"The Neon God" begins with an anecdote about seeing an Orthodox monk on Mount Athos use a smartphone:
Just thirty years ago there was very little electricity, and most travel was by foot or mule. But Athos has been modernising. Big money has flowed in from some governments and the EU, and the sound of car engines, which had never been heard at all until the 1990s, is now almost as common in some places as the sight of cranes. But it was the intrusion of the digital into the Holy Mountain which shocked me most. The first time I saw an Athonite monk pull a smartphone out from the pocket of his long black robes, I nearly fell over backwards.There was something about this experience which really hit me. In practical terms it can, no doubt, be explained or justified; anything can if you try hard enough. But the pit that appeared in my stomach when I first saw a monk on the Holy Mountain with one of those black mirrors in his hand came from an instinct I’ve long had: that the sacred and the digital not only don’t mix, but are fatal to each other. That they are in metaphysical opposition. That what comes through these screens bleeds out any connection with the divine, with nature or with the fullness of humanity. Seeing smartphones in a place so dedicated to prayer and to God: I don’t mind admitting that it was a blow. Even here, I thought, even them. If even they can’t make a stand, who possibly could?
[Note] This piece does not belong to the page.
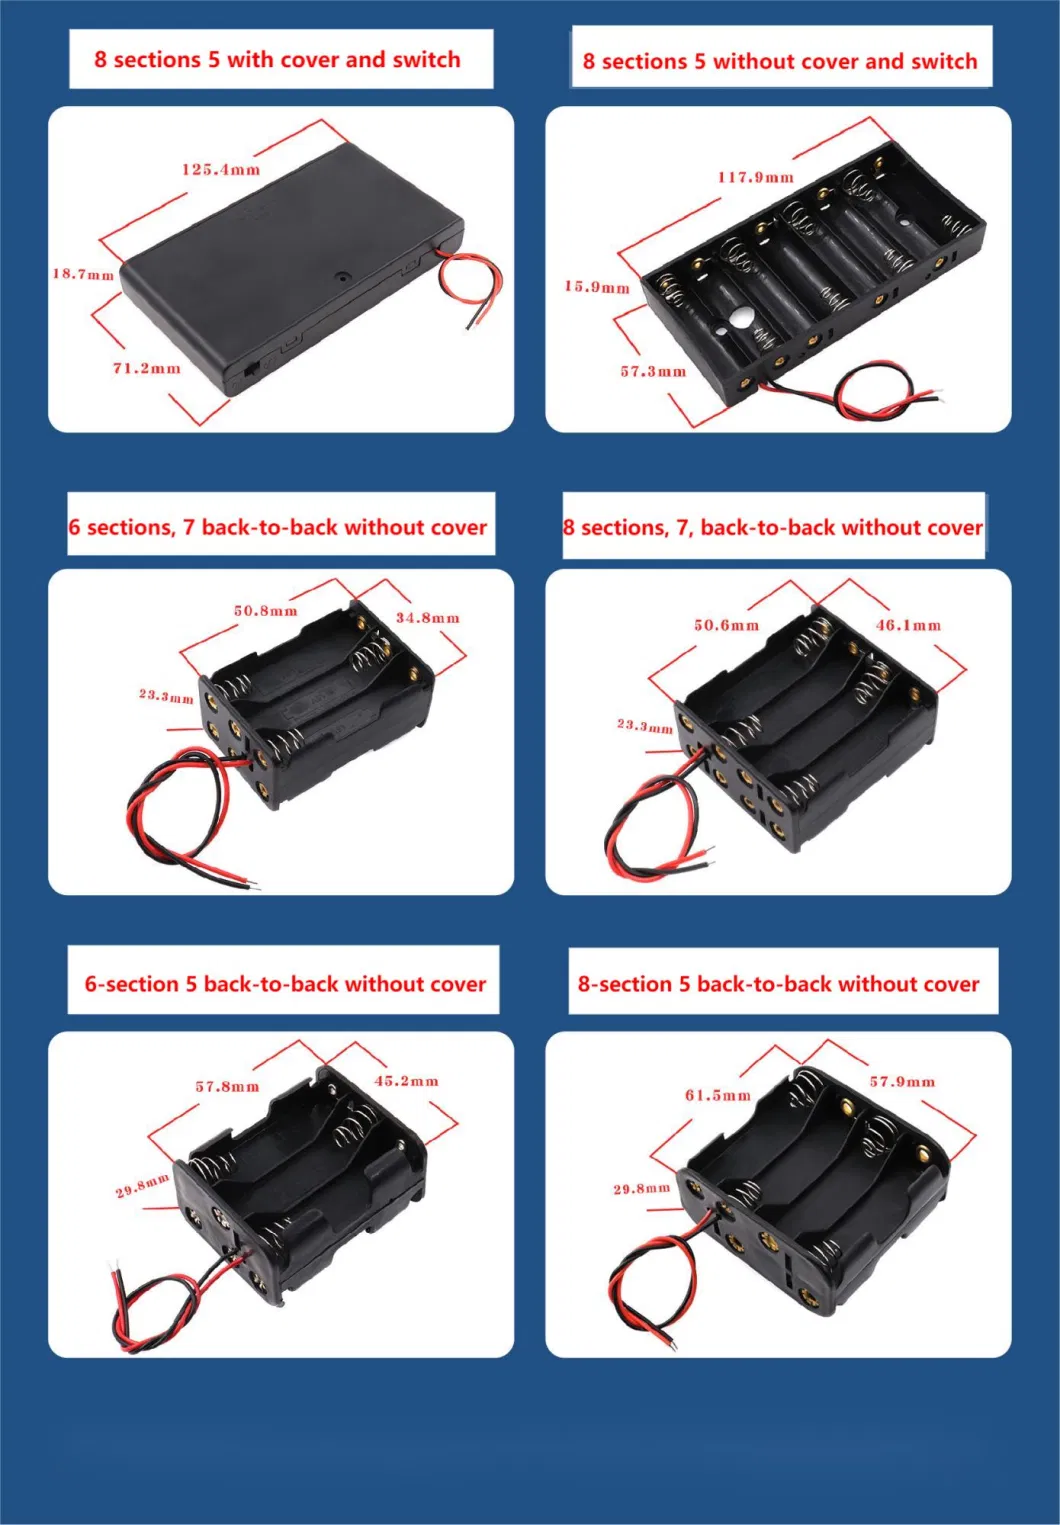 Battery Holder with Switch for 5 AA Batteries, Compatible with 18650 Battery, 1/2/37/4/6/8 Section, No Soldering Required for Series Connection, Output Voltage

Approximately 12 hours later, just after lunch this afternoon, I took out one of the books I have been reading, The Uninscribed by Stephanie South, and read a few pages, starting on p. 168. On the very next page, 169, I read this:
My first trip out of town [after the death of my husband] was to Melbourne to see the Dalai Lama. Votan and I already had tickets and had paid for a hotel for two nights. I had seat 114, sitting next to Votan's empty seat, 113. I thought it curious to see all of the Dalai Lama's monks glued to their cell phones. There was a chaotic feeling in the air.
Kingsnorth's trip to Mount Athos was in 2022, and he was profoundly shocked to see that a monk even owned a smartphone. South, in 2011, saw all the monks glued to their phones but merely "thought it curious."
2 comments:
Its only "curious" with the Tibetans because the Dalai Lama himself owns a helicopter. Lol.
He once made the news for riding in an Indian Air Force helicopter, creating tensions between India and China, but he doesn't have a chopper of his own.